As for the fob itself, there's always the option of not carrying one and using the app alone.

NKYTA | 18 April, 2015

+1 Haggy for password vaults like 1Password. Create a different 20 char/digit string for individual logins for each different site - user has to remember one single, hard to guess password. I hadn't used these prior to about four years ago, but the are invaluable.

Stiction | 18 April, 2015

FWIF, We've all be taught the wrong way to come up with passwords.

The best way is to make up special sentences and then take the first letter (or last letter) of each word for your password.

Such gems as follows are easy to remember as sentences, and generate sequences
that are pretty darn random.

Every Good Boy Deserves Fudge (EGBDF)
Oh Be A Fine Girl, Kiss Me (OBAFGKM)
I Like Apples Cooked In Turpentine (ILACIT)

Obviously now you can't use these particular phrases ;)

PS: If you understand the references to all of these it means you probably like music, astronomy and mathematics.

NKYTA | 18 April, 2015

@Stiction, the best way is to come up with random passwords, that aren't acronyms, or your dogs name plus some letters, but incomprehensible blather, and have a password vault, that you own via one master password ( the only one you have to remember), and each "site" or VPN, or whatever, requires your hard to guess main password.

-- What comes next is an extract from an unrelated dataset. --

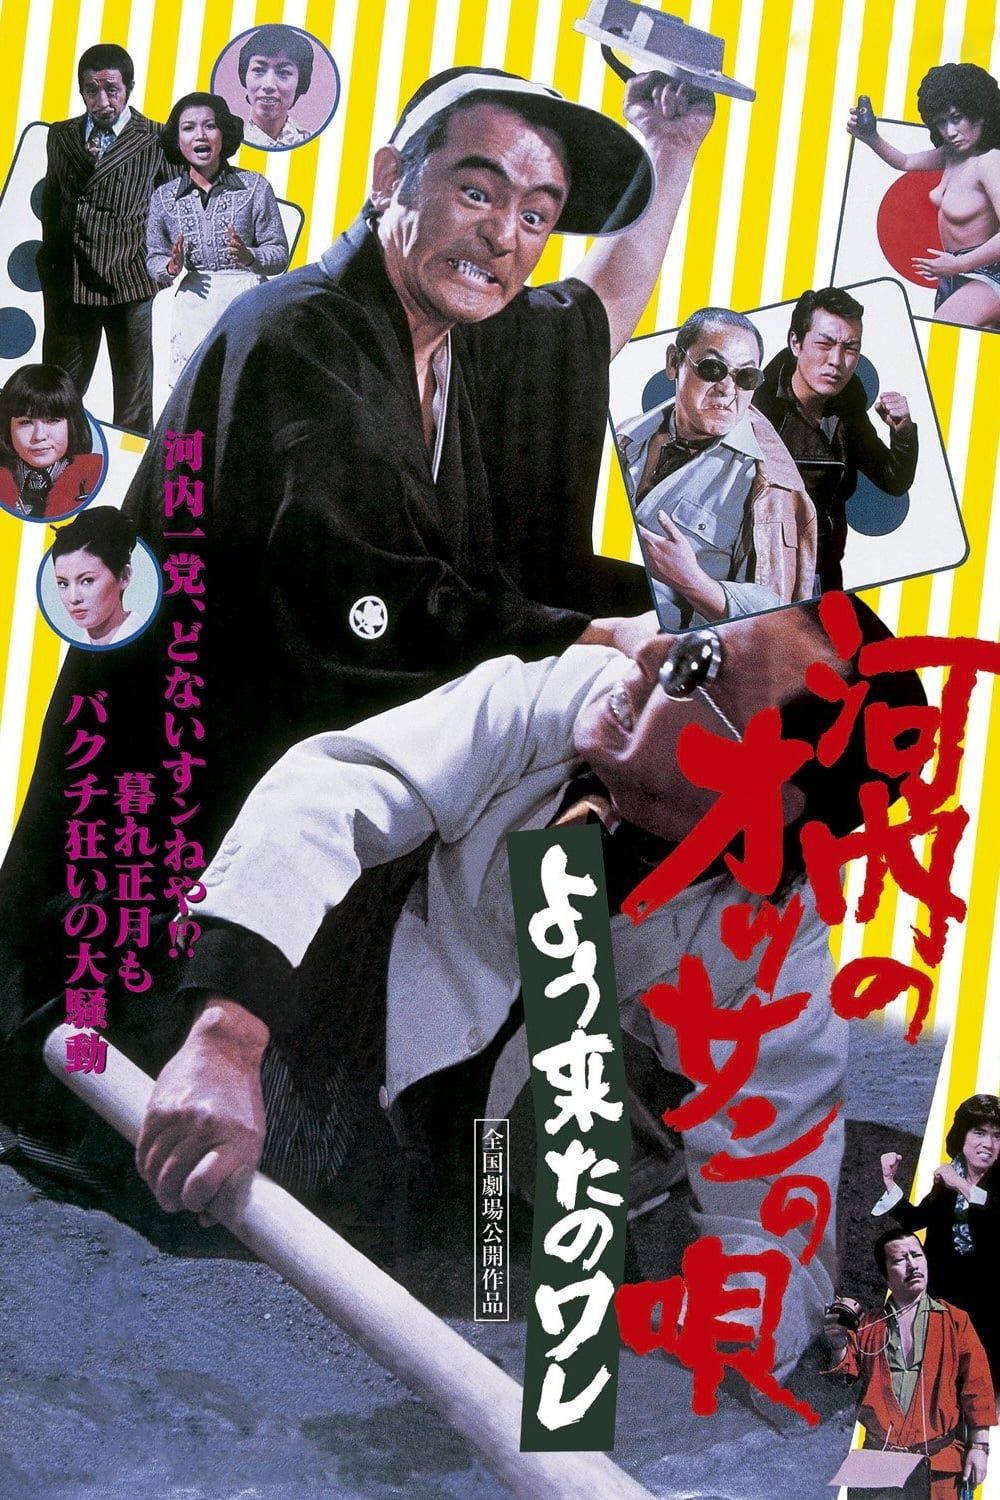 Stream Seishun Buta yarou movie OST 静かな空気 by kawacy
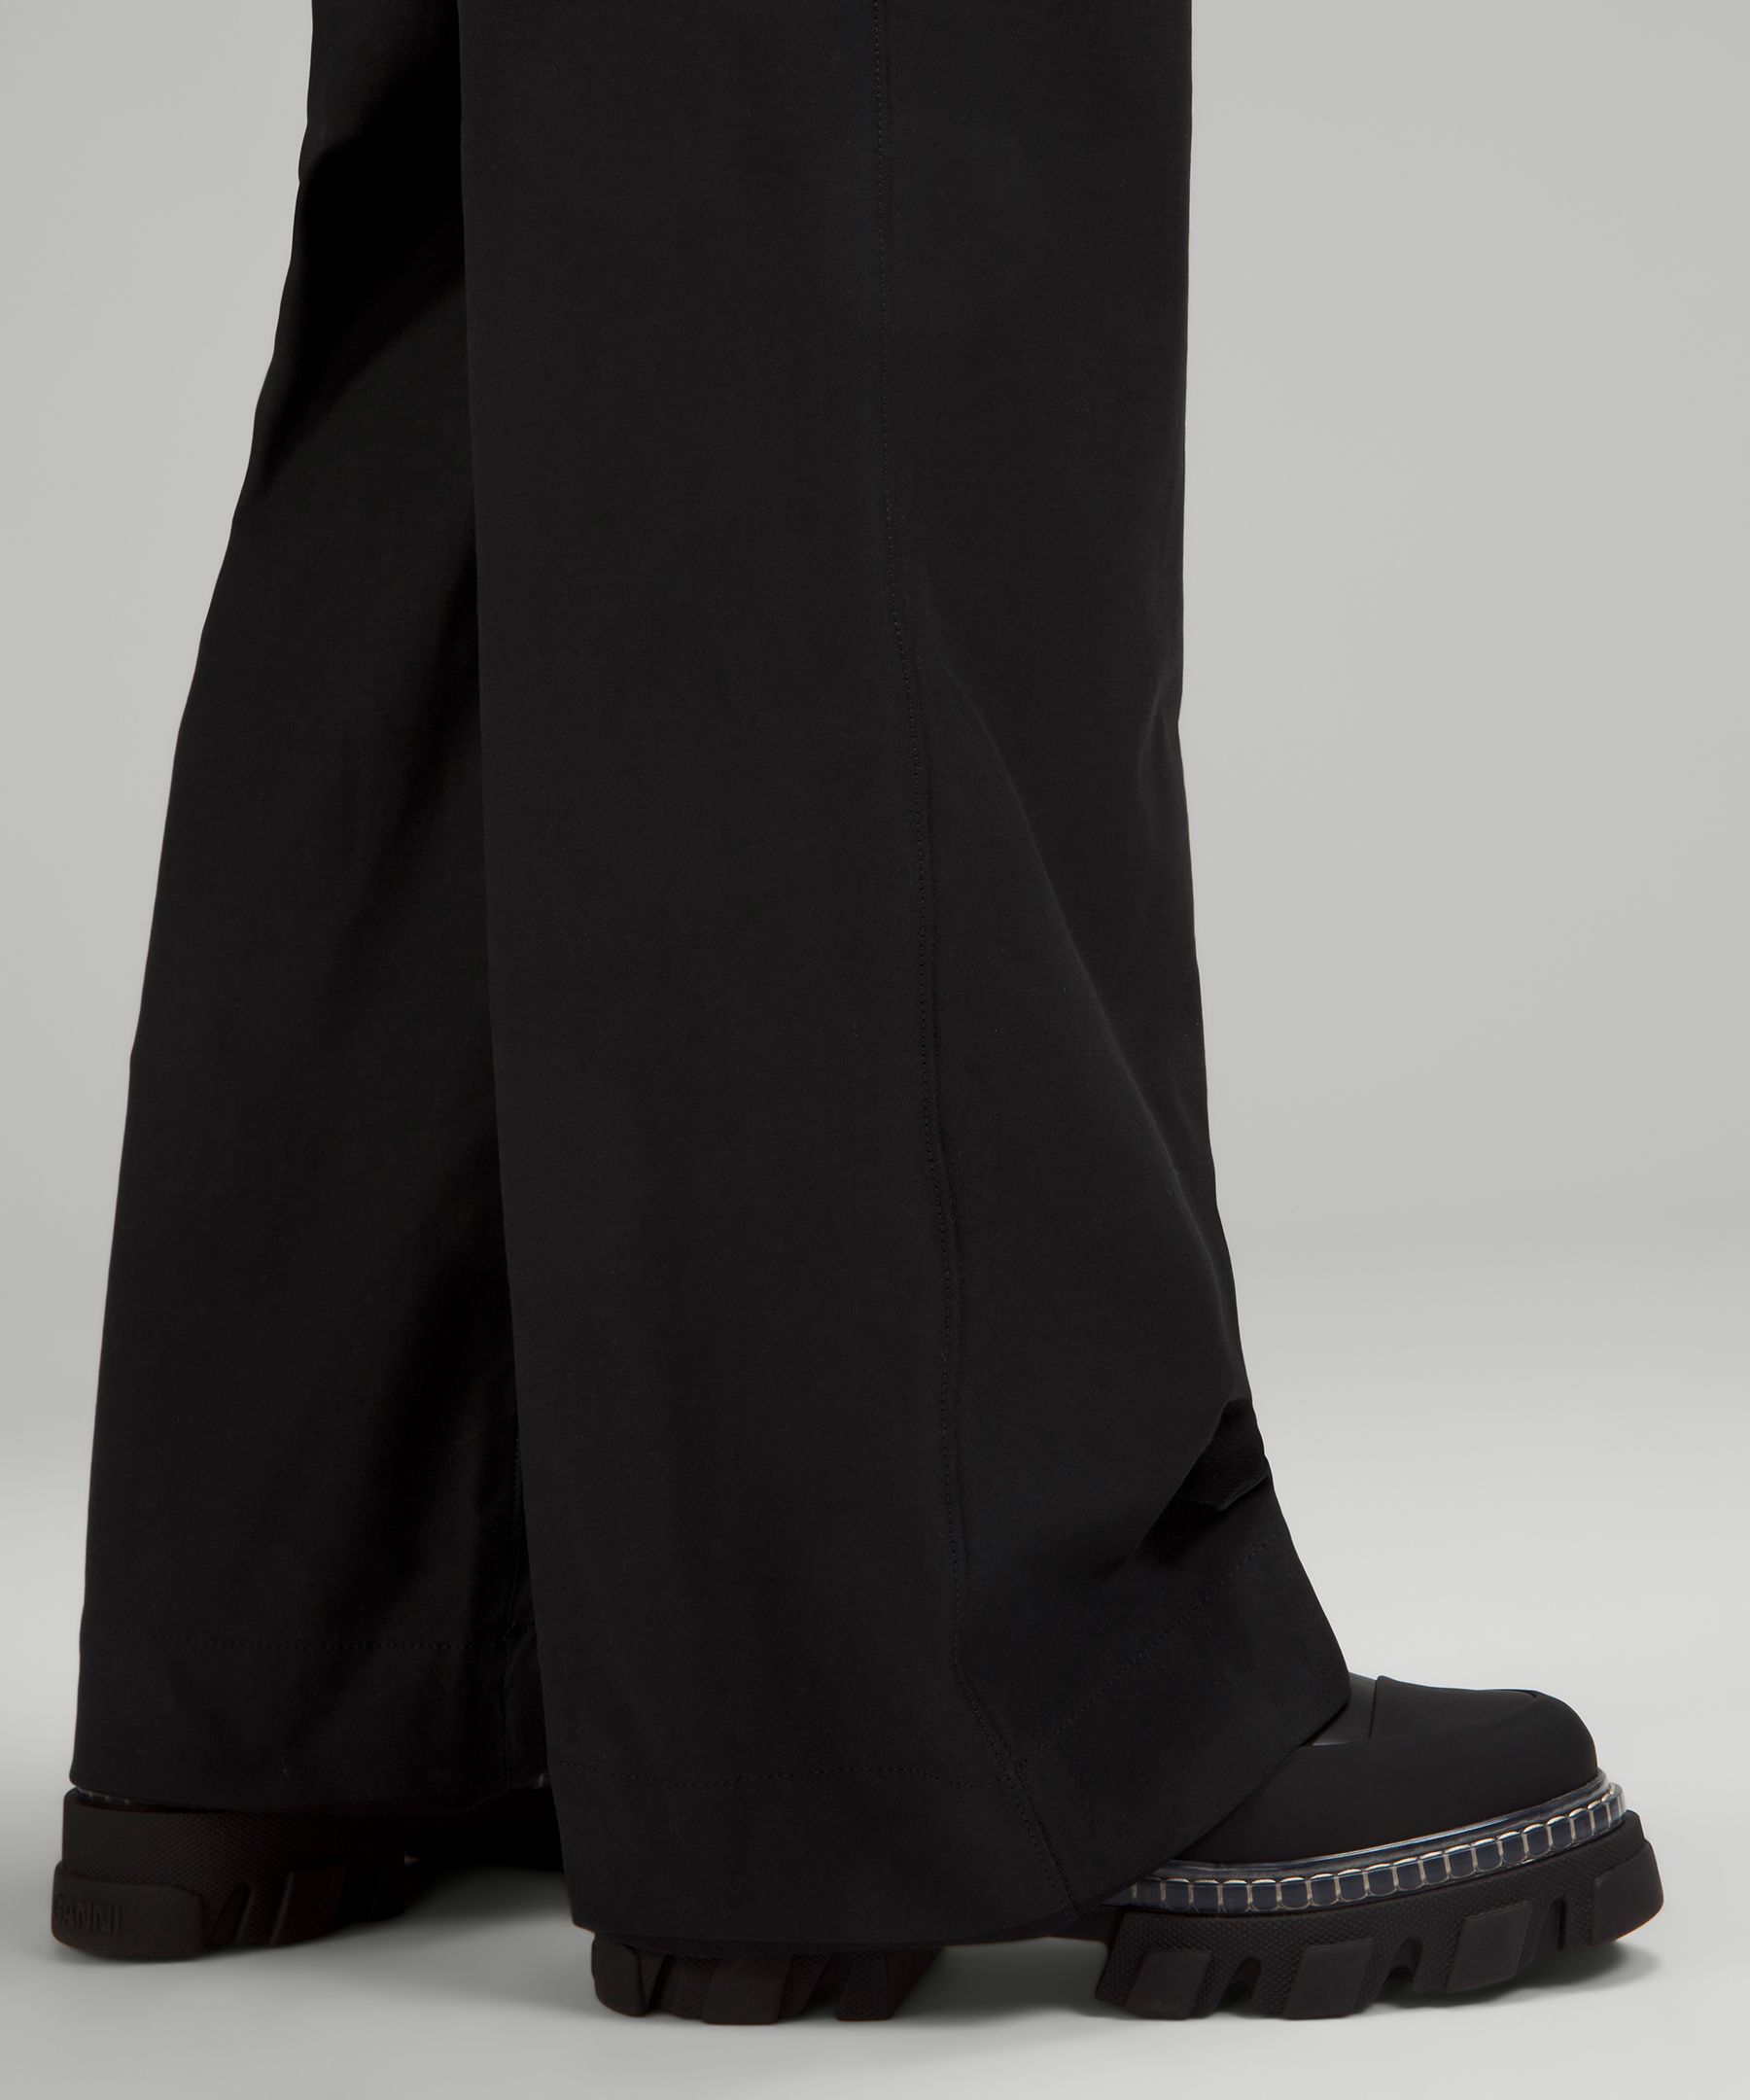 Lululemon City Sleek 5 Pocket High-Rise Wide-Leg Pant Full Length

Some of the challenge comes when a site you want to login to, doesn't allow a long enough password, or doesn't allow special characters, or numbers. Be very wary of those sites.

If you want more than that for servers, you use highly encrypted keys, such that no one can get at it -- but a password vault solves many issues/problems. For servers, username/password is a thing of the past in the computer industry.

Stiction | 19 April, 2015

@NKYTA, I have seen co-workers that use vaults....I'm still a bit skeptical what happens if they crash /have a fire/get raided by the feds, etc.

I don't think the average Joe is going to bother with them.

2 factor auth can help a lot. (you get a text message when you log into a 'new' machine that has a key you type in in addition to the password) supports this but not many people even use that! I think it's pretty simple since you only do the 2-factor when it's been a while or if the machine is new. I love it.

I recommend to my non-techy friends that now that phones can do so much , NEVER EVER use
a computer that you don't own. No internet cafes. . If you must do so, only access very low priority accounts that have nothing in them you care about. (e.g. we have a trash and make sure that account does not share a password with any other account.

Ok, well enough of this...

fobguard | 19 May, 2015

You can solve this problem by putting your fob into a keyless entry faraday cage from Fob Guard. It's made of materials tested to Military Specification by independent laboratories and is light, small, flexible, and durable. Stick your keys in it at night and sleep easy!

ir | 20 May, 2015

If you're going to have to unwrap your fob to use it. Just disable auto-present and remote access, install 3rd party tracking.

Then you need to click the fob to make a stealable signal to unlock the doors and there is less Internet attack surface.

Or just have good insurance and enjoy the car.

Brian H | 20 May, 2015

Few or no Tesla thefts because chop shops have no market (yet).